Looks like I’ve got a bit of work to do on my drivers ed equilibrium before it’s time for my 13-year-old to take the wheel.  But now, I’ve got to go. The boy is waving the car keys at me.  Save. Me.

Comments

  1. I was too much of a chicken to teach my daughter so Hubby got the job. She has been driving over a year and honestly, it still makes me nervous!

  2. I’ll send mine to driver training and then he can practise with his dad. My waistline can’t handle the chocolate I’d have to eat to soothe my nerves.

  3. I’ll follow up after our first drive and let you know how it went. How many trees he took out. That kind of thing. So not looking forward to it, but I’m way more capable of this than his dad, so there you go.

    • I guess one of the parents has to be geared up for driver’s ed. Personally, I wish I never had to do it. It’s a nail biting experience.

  4. I loved it when my son learned to drive. It gave us both more independence. He could drive himself to his soccer practices 4 x a week and help me with car pool his two sisters! And, of course, I initially worried but practicality won! Plus, it boosted his confidence with this add responsibility.

  5. I survived by letting my husband teach the kids and then they had to be driving for at least a year before I would get in the car with any of them. Granted I have been in four accidents so I am so what paranoid as a passenger.

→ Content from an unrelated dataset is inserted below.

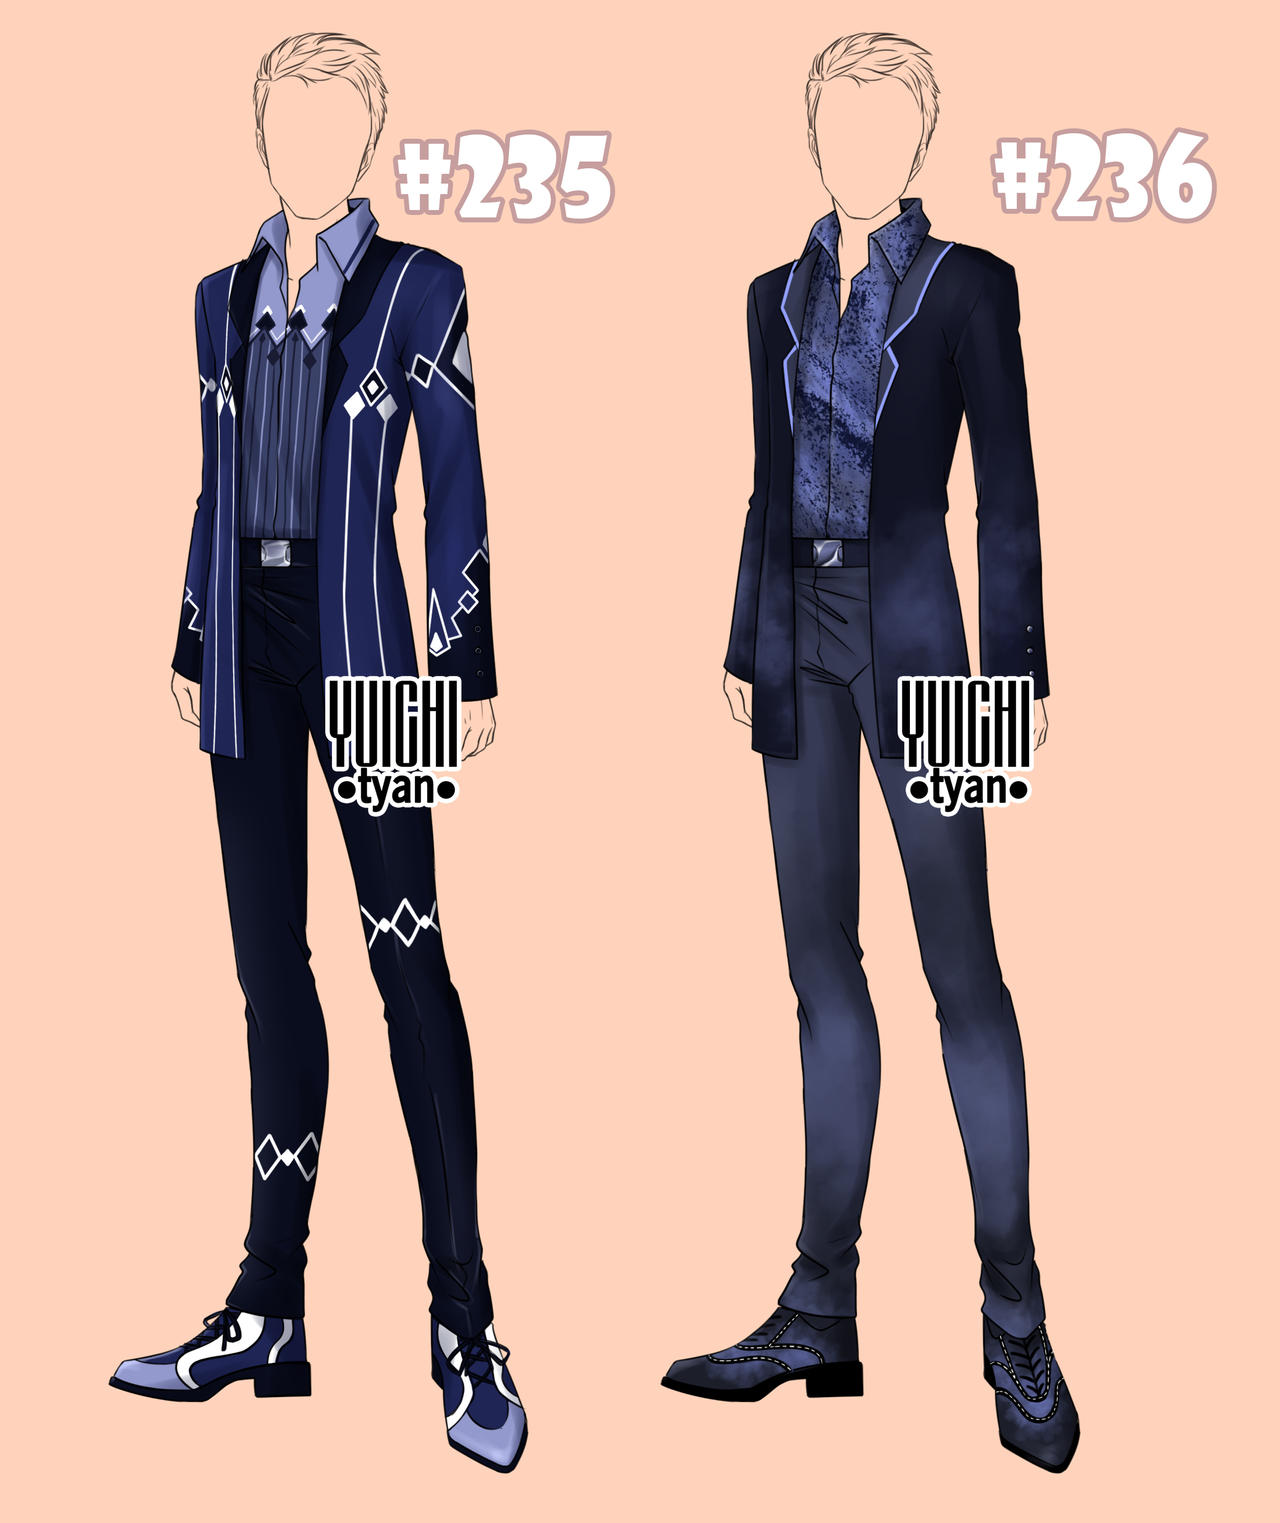 [1/2 open] male adopt Outfits 235-236 by YuiChi-tyan on DeviantArt

  6. I’m not allowing Teen1 to drive (my car) right now because he is too angry, violent, impulsive, disrespectful, and impetuous to be behind the wheel of a car. He has his learner’s permit but will not have enough hours to get his license later this fall, and that’s fine with me. Plus, the kid never, ever knows where he is. Teen1 will likely be 17 — or older — before he gets his license.

    • It sounds like you’re having some trouble with your teen, and I’m sorry for that. I’m glad you recognize he’s struggling right now. Is it typical teen or are you looking further for the source of his moods and frustration?